- Work to complete -
Reproduce only this stretch of the listing below: from the line with "COURTENEY COX at" through the line with "St Tropez Charles", exactly as written, with pictures excluded.

- Data section -

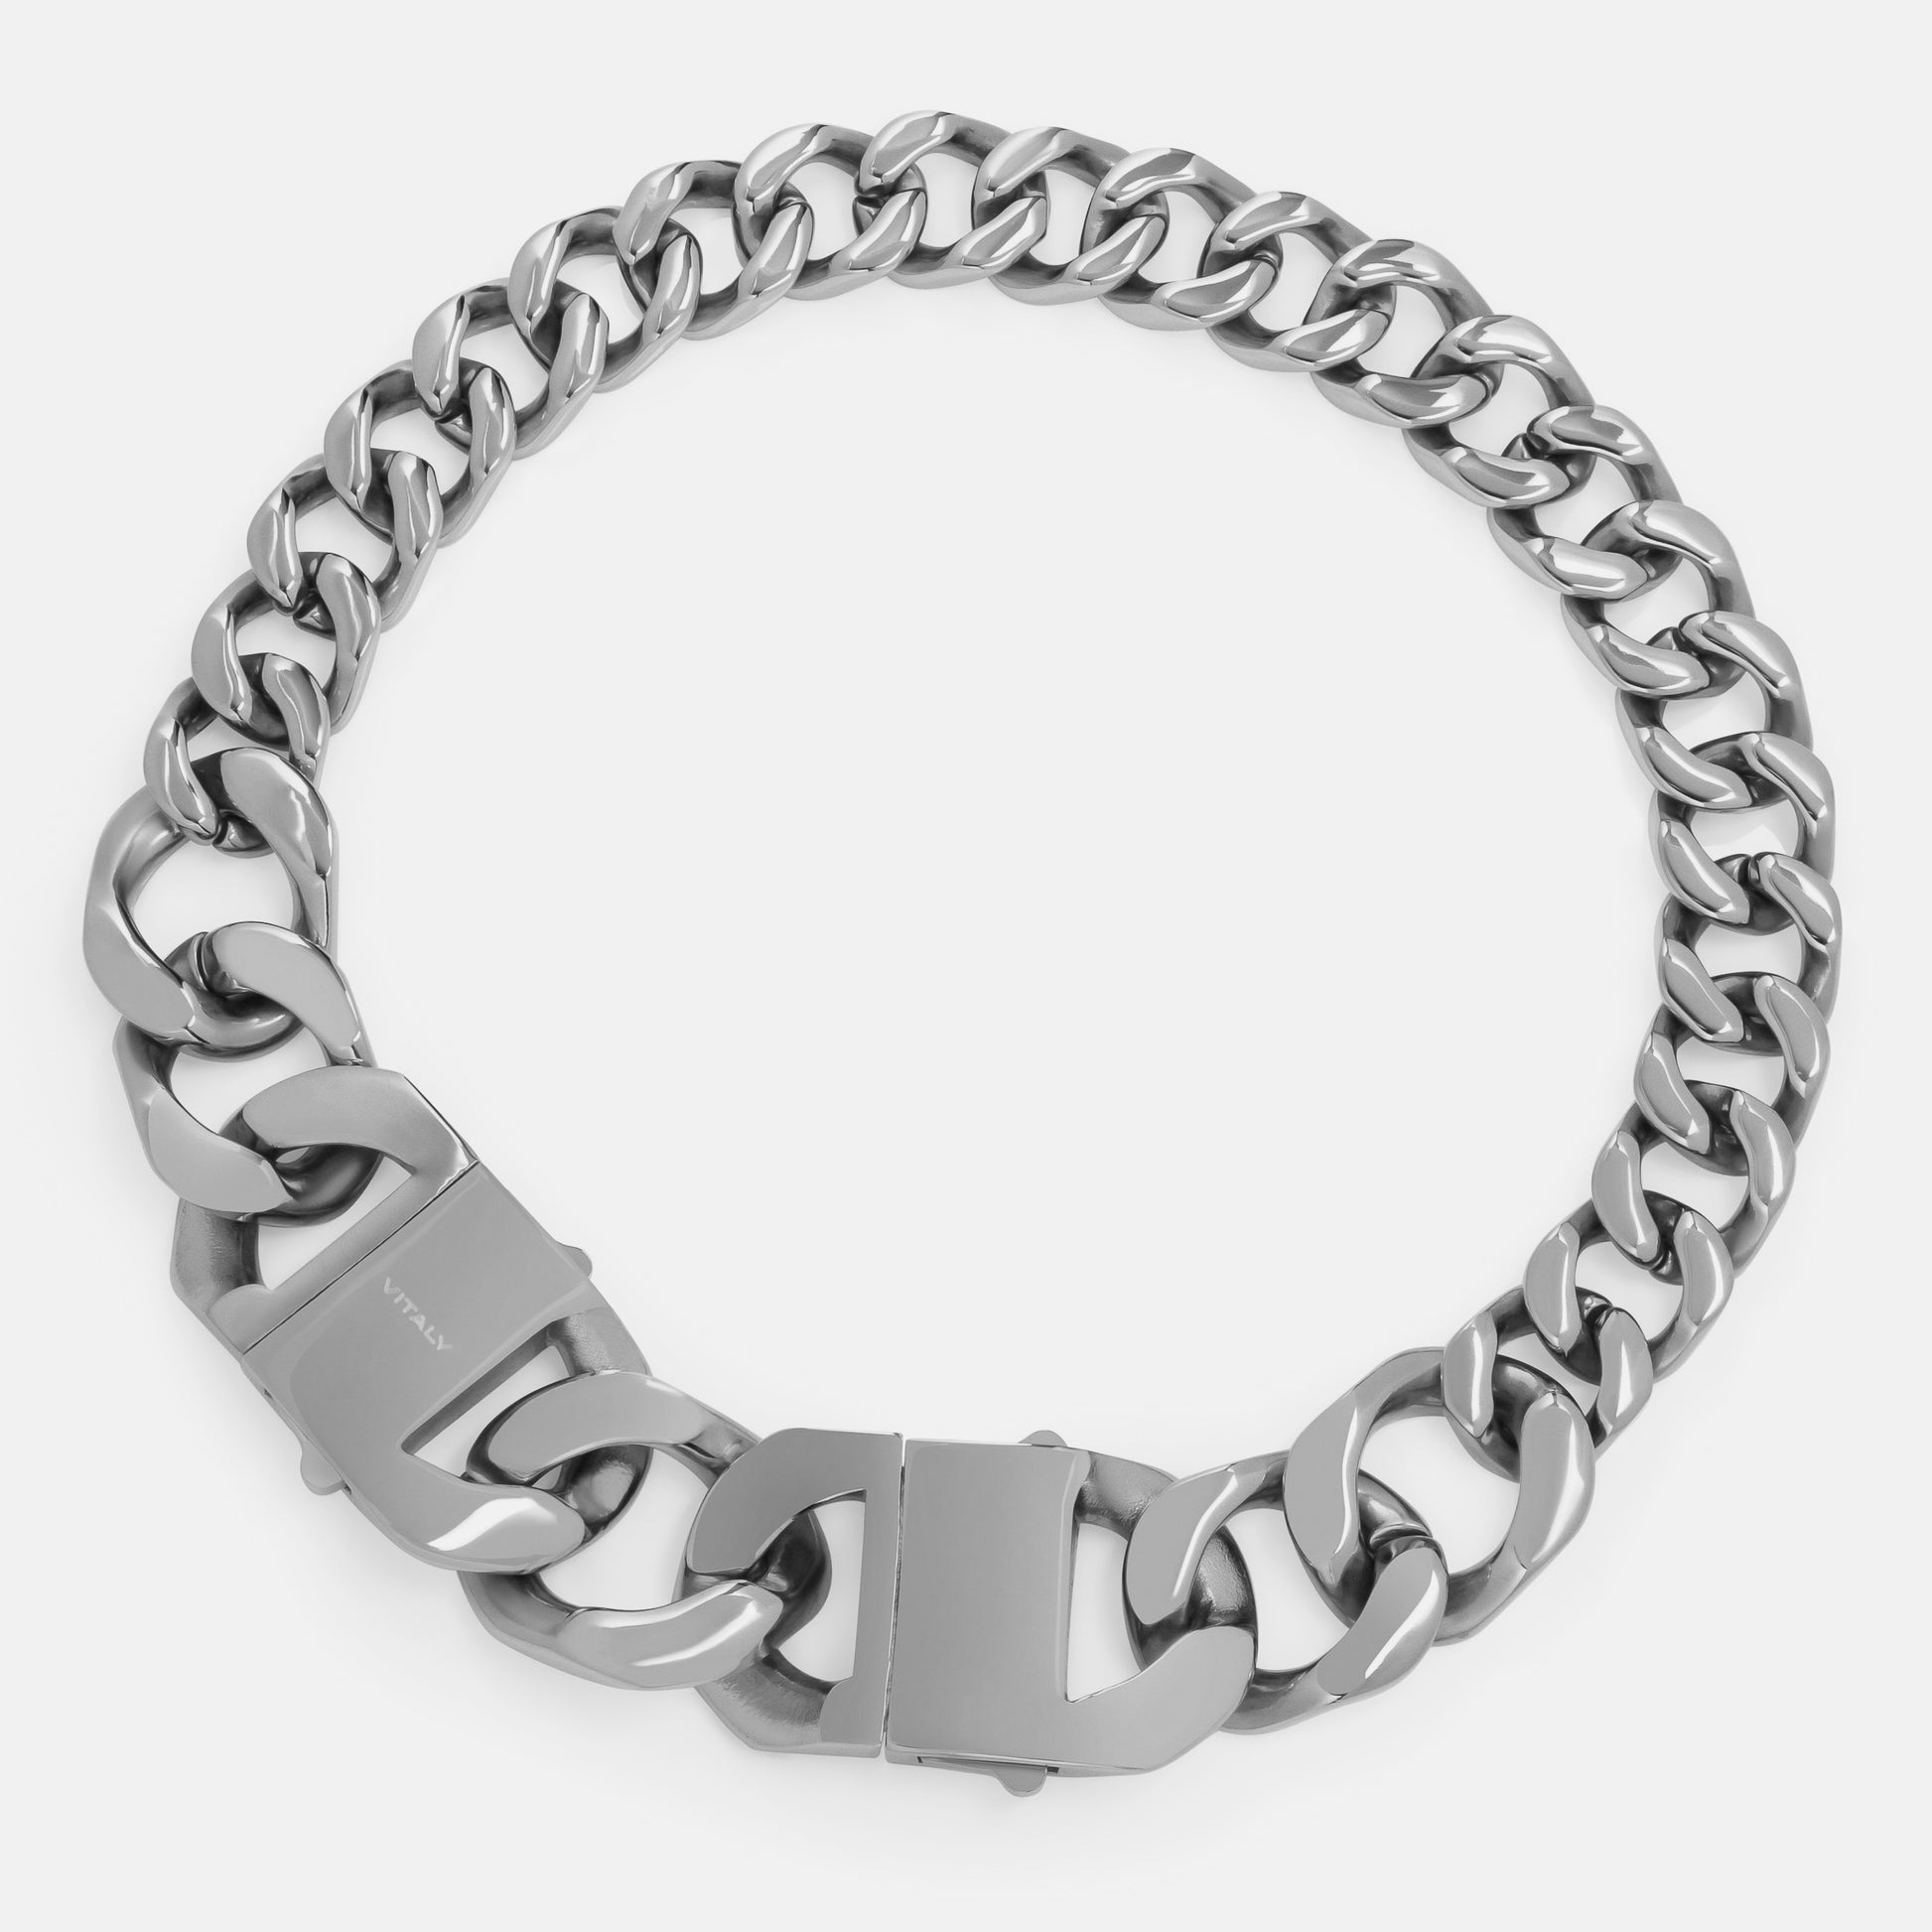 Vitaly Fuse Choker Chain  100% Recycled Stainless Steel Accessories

---

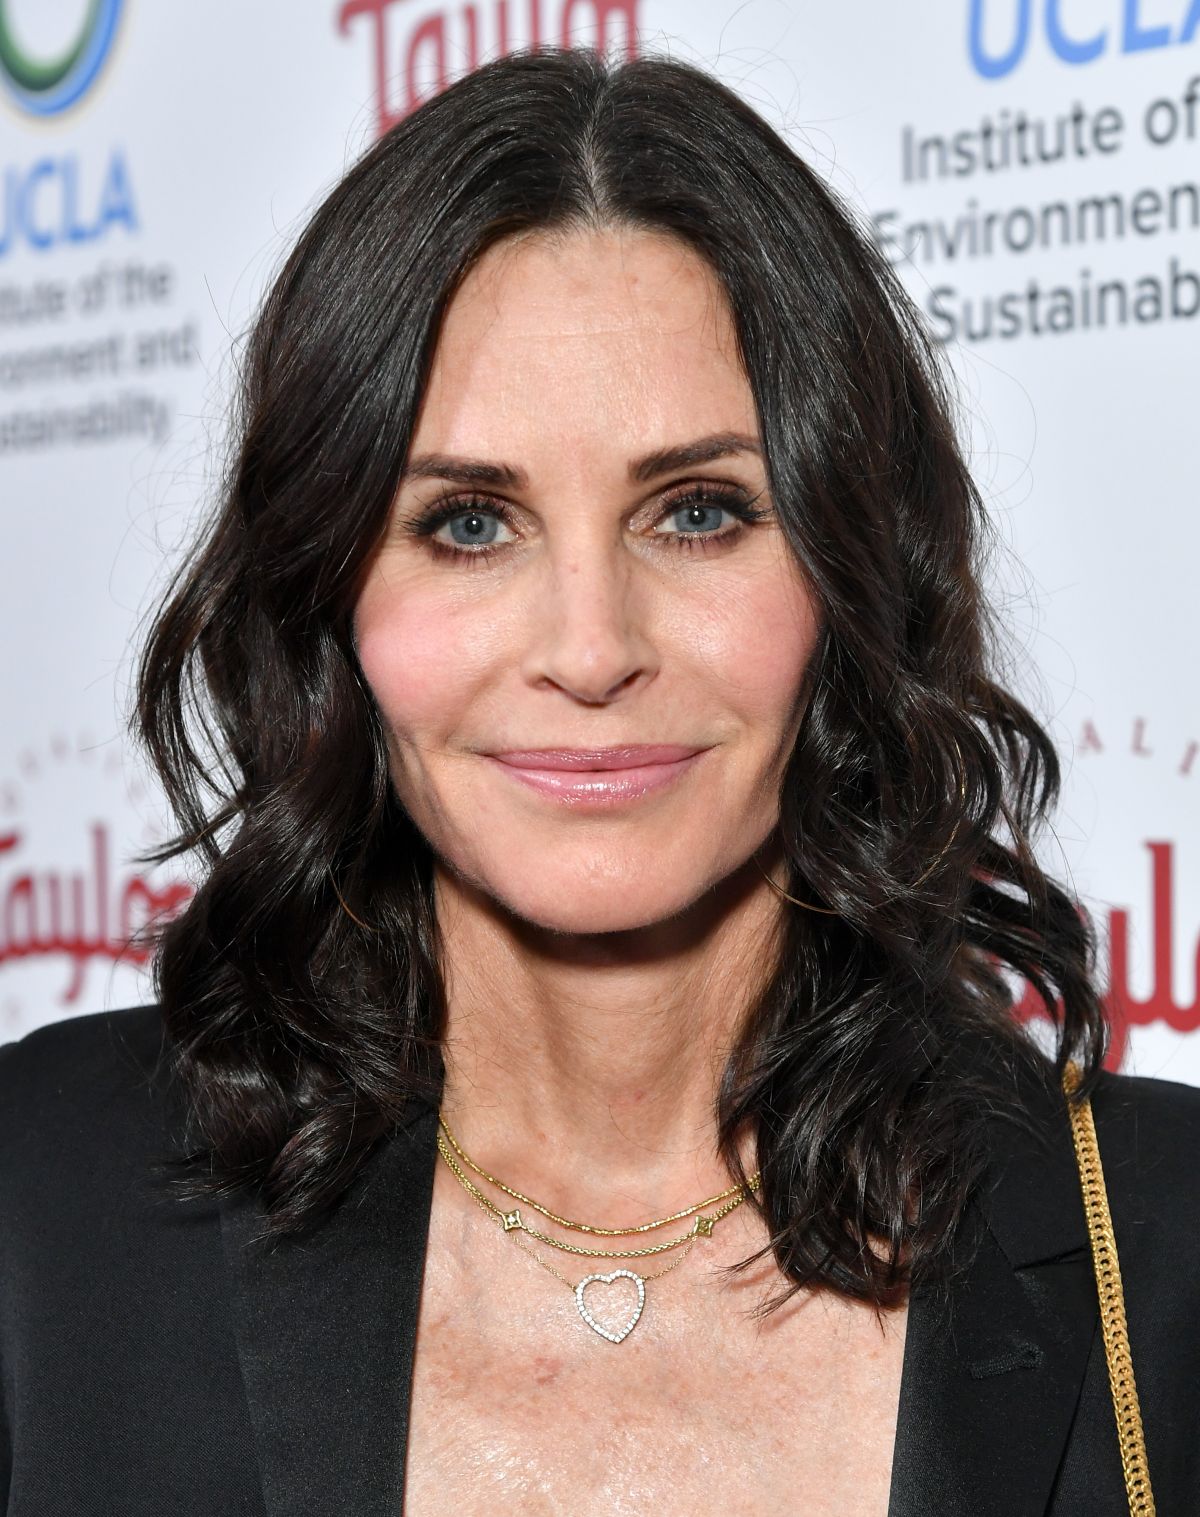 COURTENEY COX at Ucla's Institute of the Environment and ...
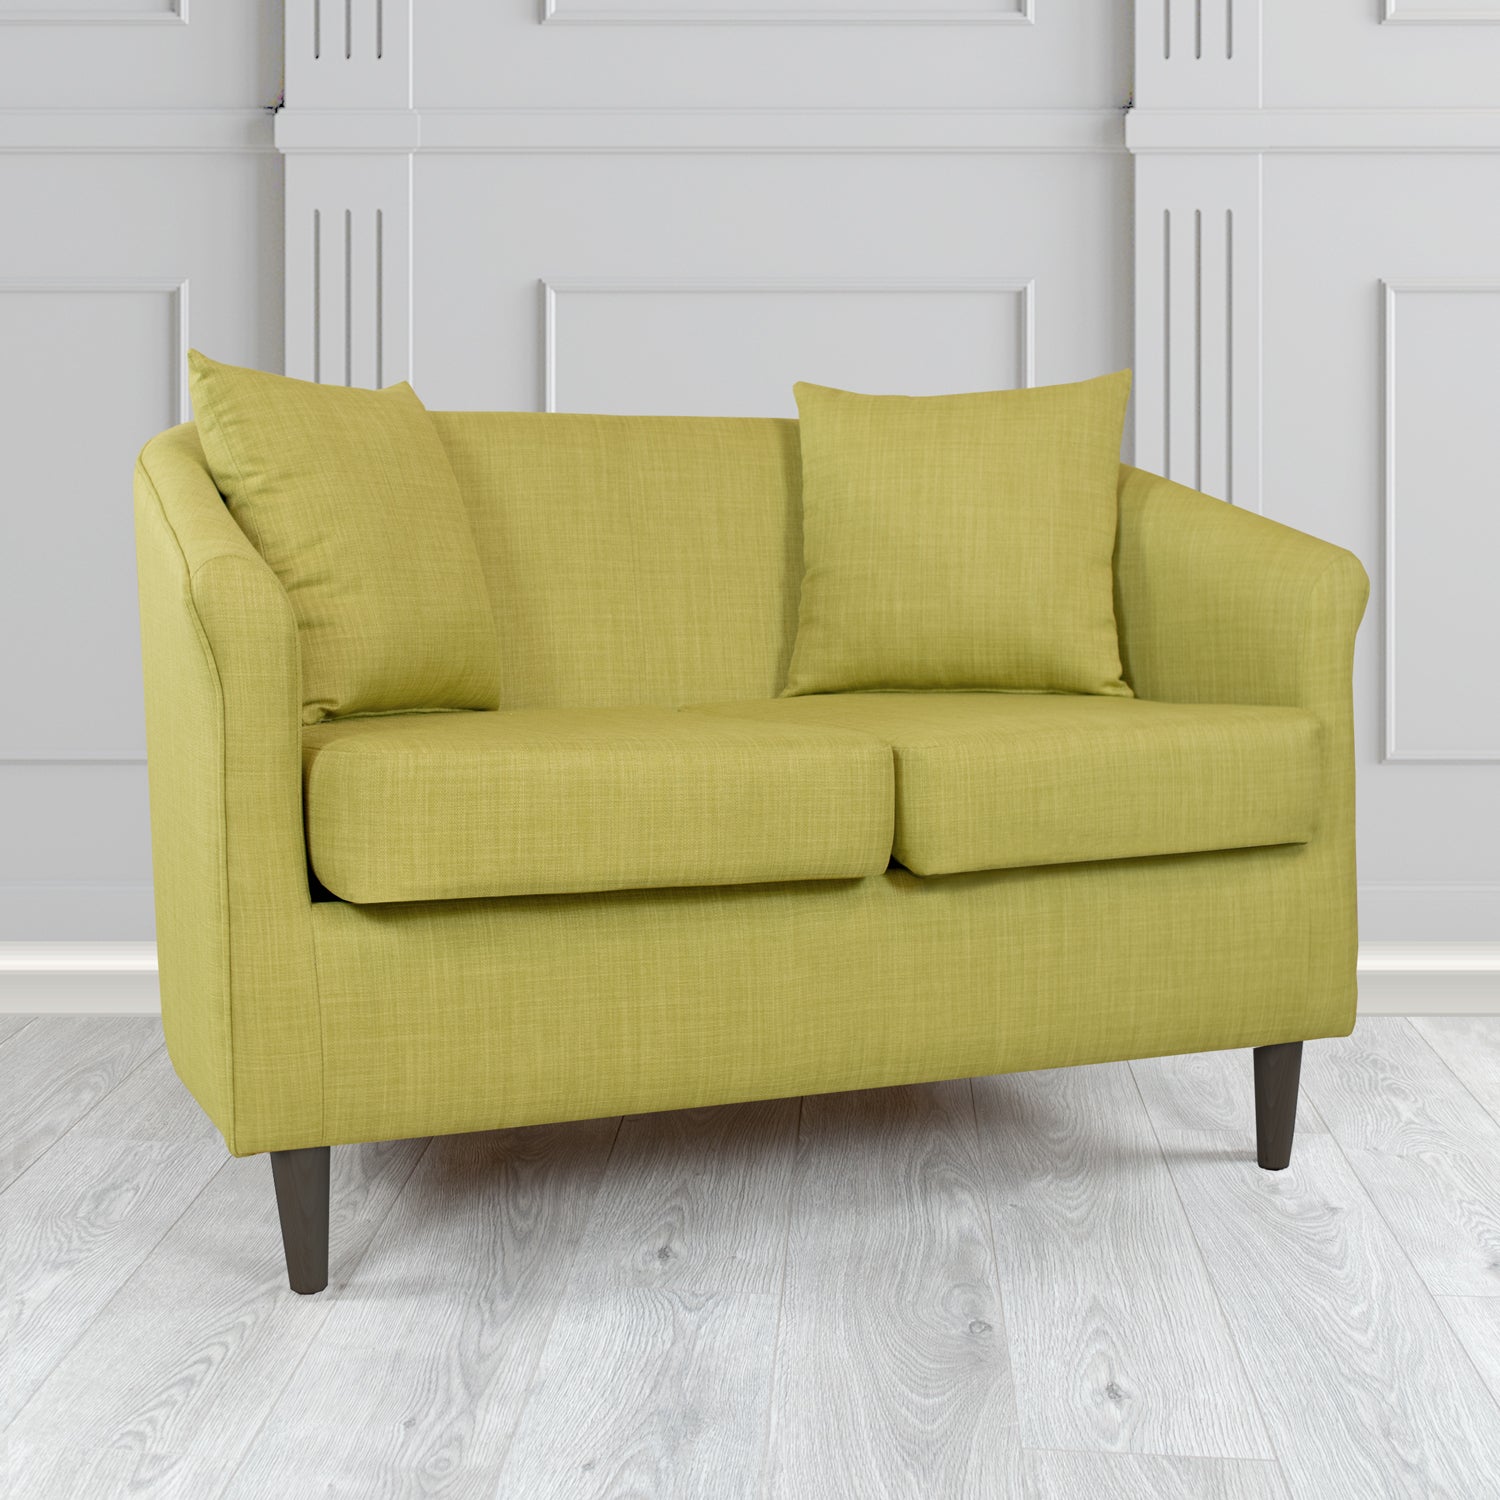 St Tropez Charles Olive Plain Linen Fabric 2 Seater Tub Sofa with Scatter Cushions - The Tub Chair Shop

--

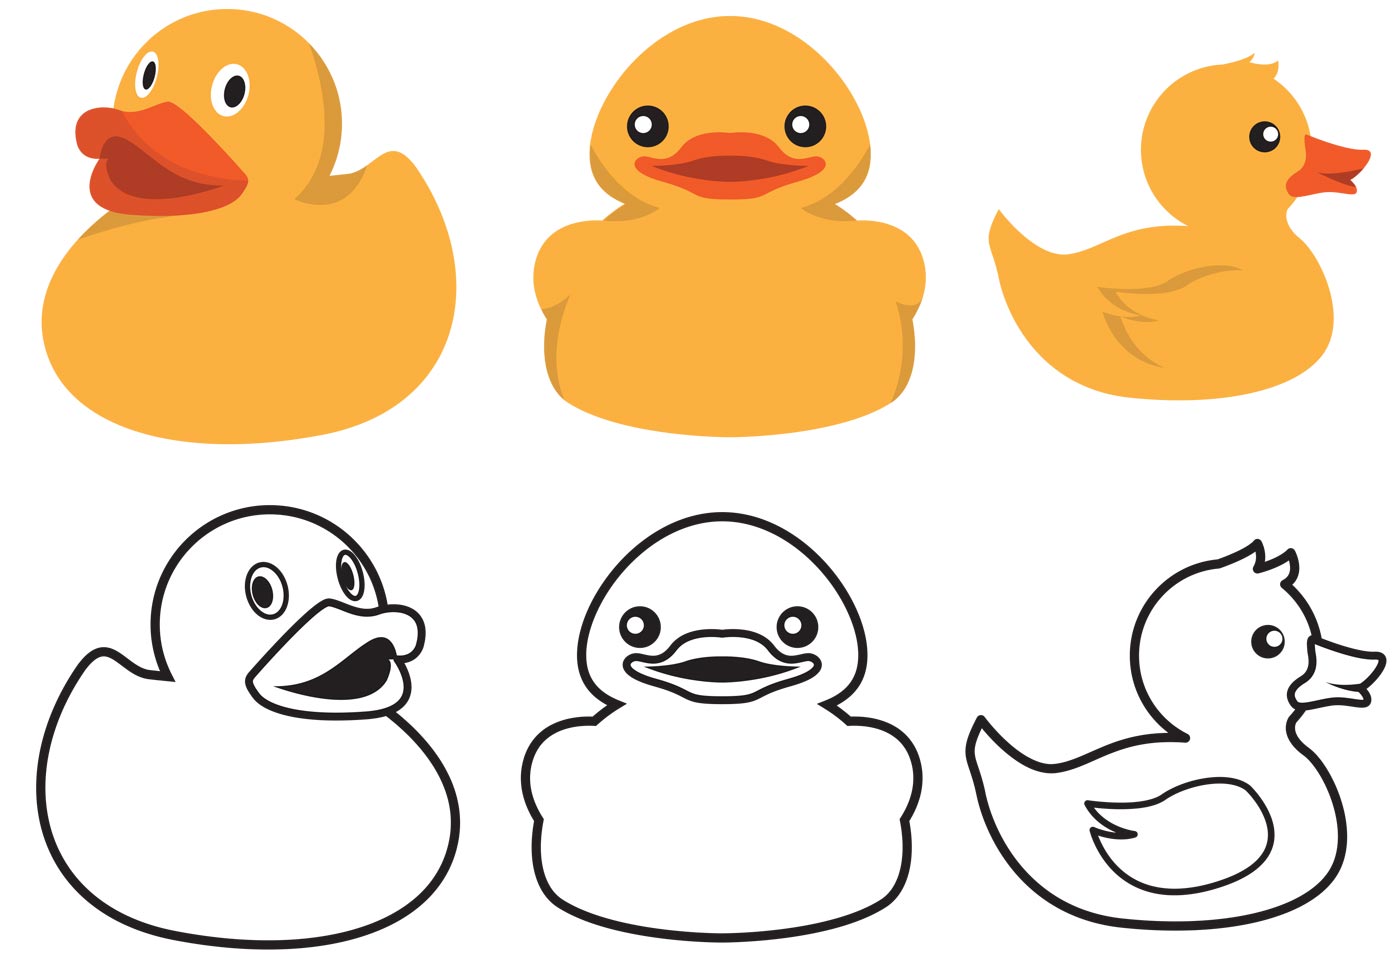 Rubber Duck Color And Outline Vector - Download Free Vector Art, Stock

- Exercise solution -
 COURTENEY COX at Ucla's Institute of the Environment and ...
 St Tropez Charles Olive Plain Linen Fabric 2 Seater Tub Sofa with Scatter Cushions - The Tub Chair Shop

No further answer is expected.